§ **INSTRUCTIONS FOR THE TASK**
Write out the entire listing below exactly as it appears, minus any pictures.

§ **SUPPLIED DATA**
__________________________________________________

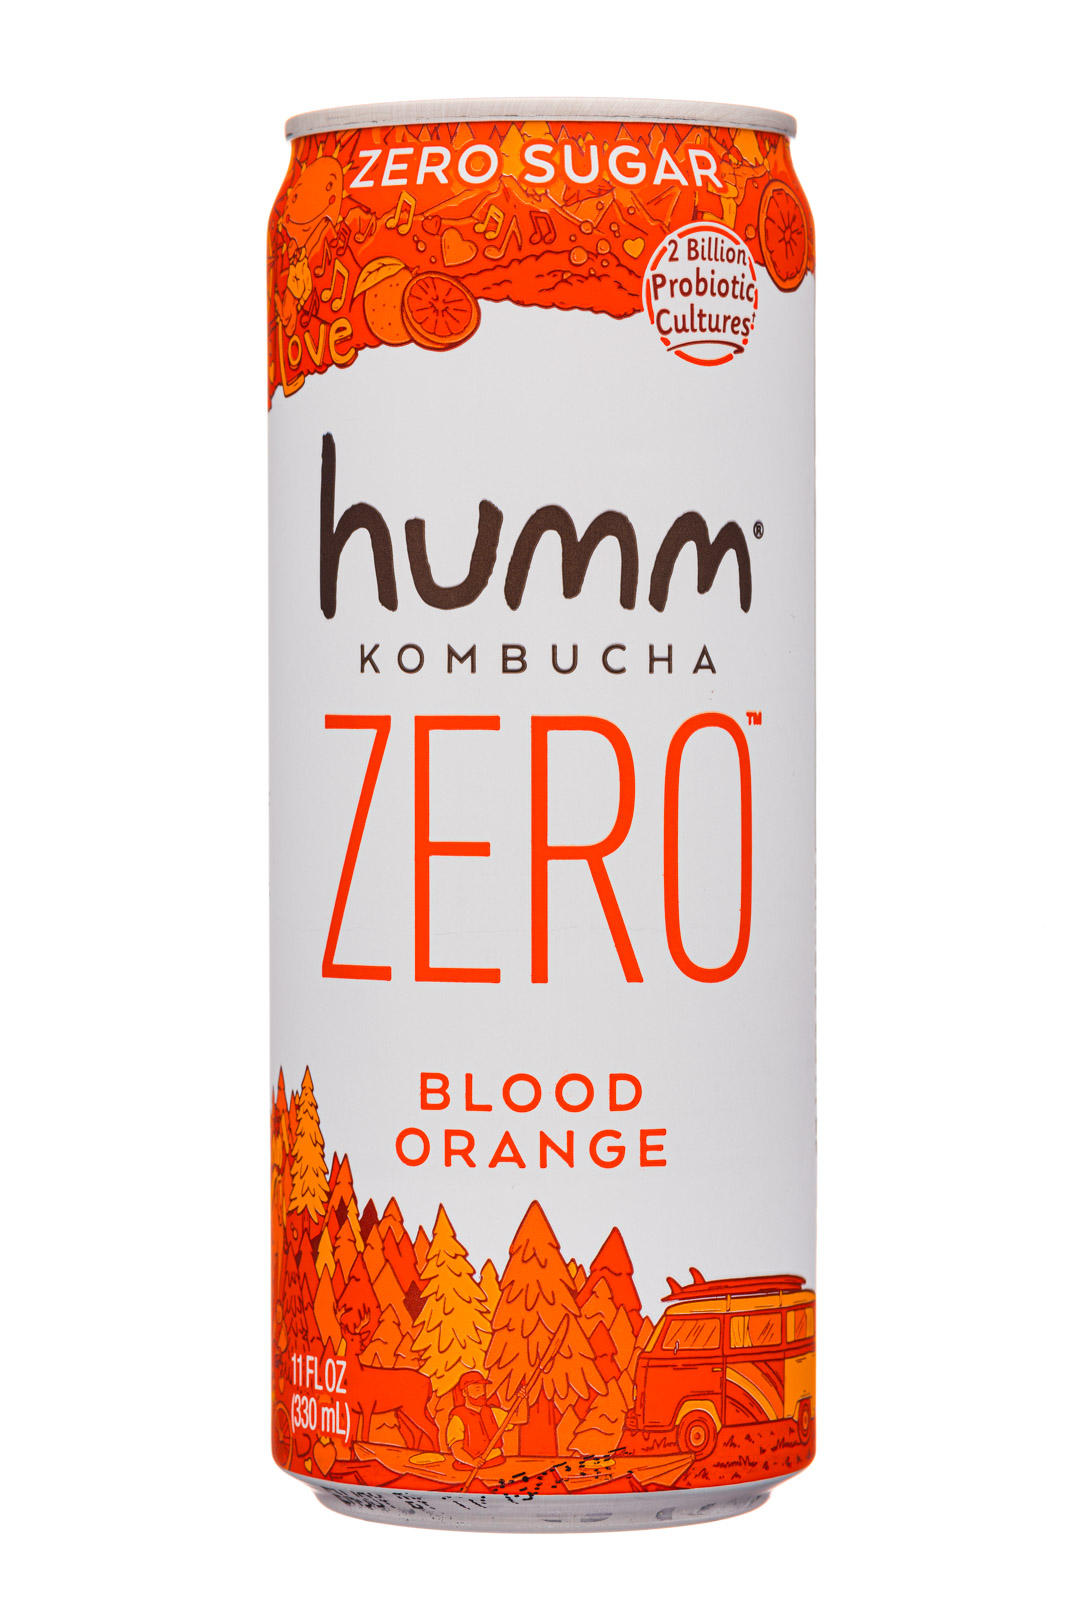 humm kombucha: Humm-11oz-2020-KombuchaZero-BloodOrange-Front
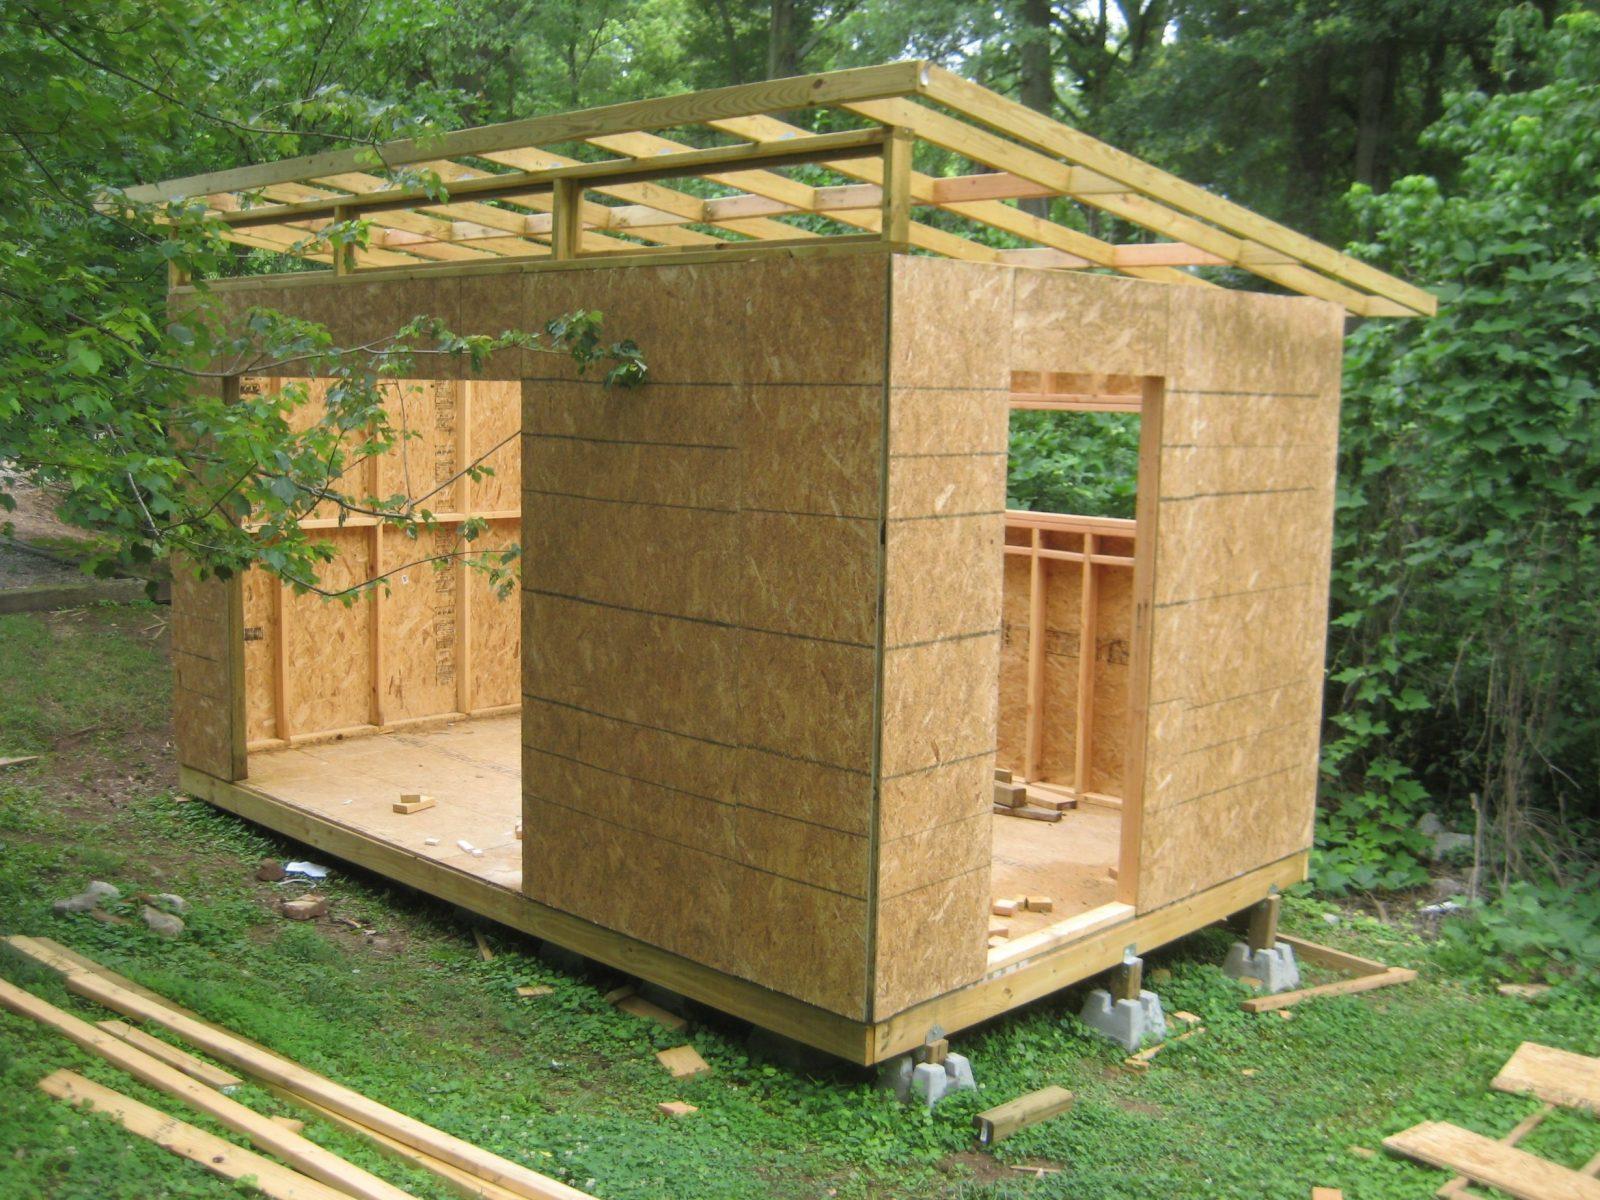 Diy Modern Shed Project  Holz  Gartenhaus Schuppen Ideen Y von Gartenhaus Modern Selber Bauen Bild
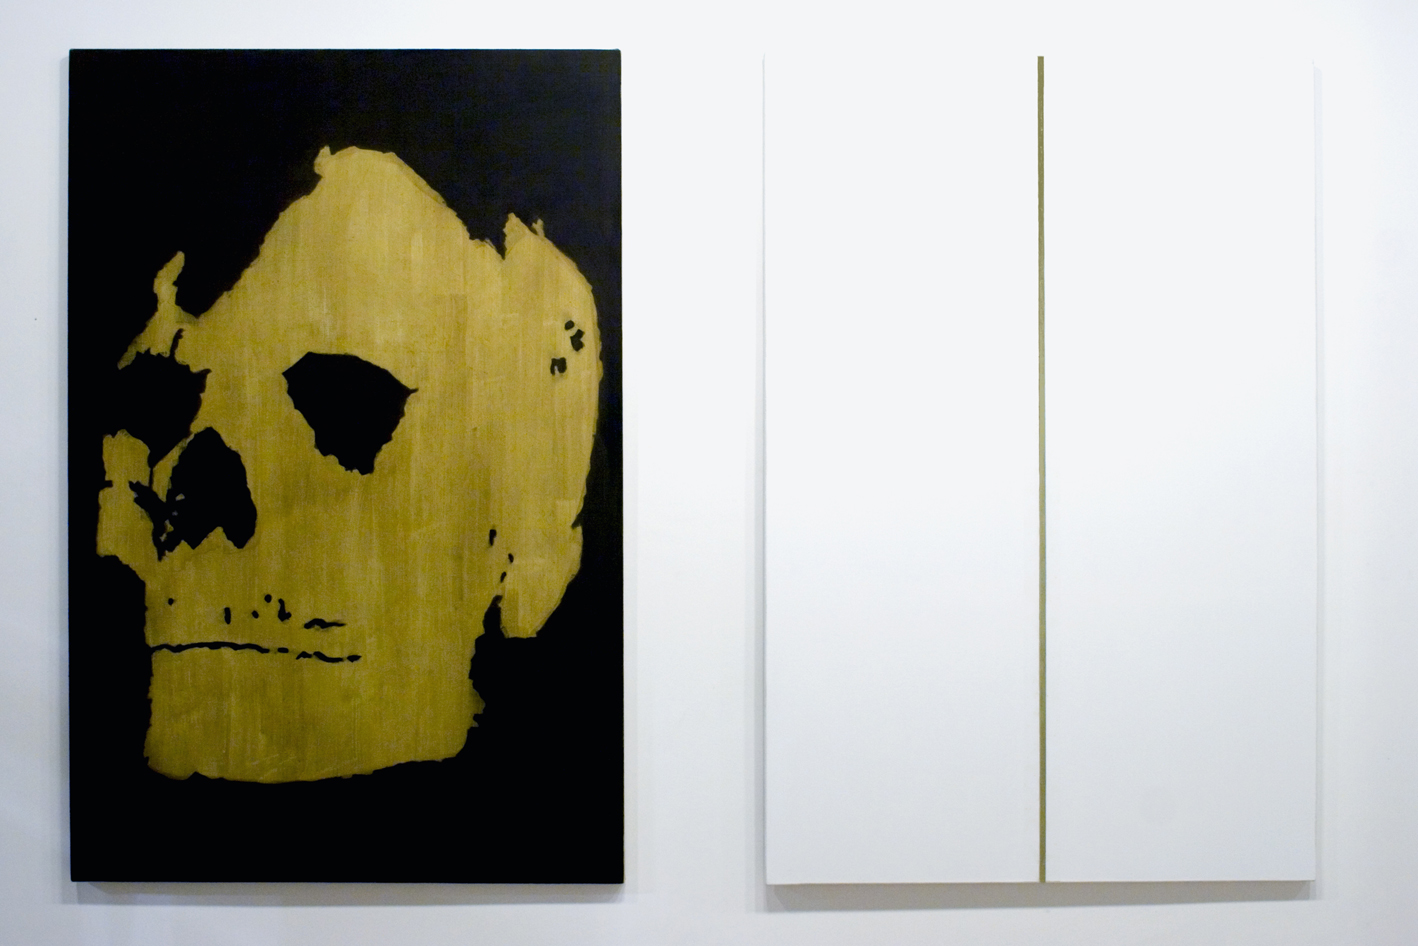 Gabriel Truan st tecnica mixta sobre tela (2x) 146 x 97 cm exp. Arte Contemporaneo Asturiano museo barjola Gijon 2007

__________________________________________________

§ **RESPONSE AREA**
 humm kombucha: Humm-11oz-2020-KombuchaZero-BloodOrange-Front
 Diy Modern Shed Project  Holz  Gartenhaus Schuppen Ideen Y von Gartenhaus Modern Selber Bauen Bild
 Gabriel Truan st tecnica mixta sobre tela (2x) 146 x 97 cm exp. Arte Contemporaneo Asturiano museo barjola Gijon 2007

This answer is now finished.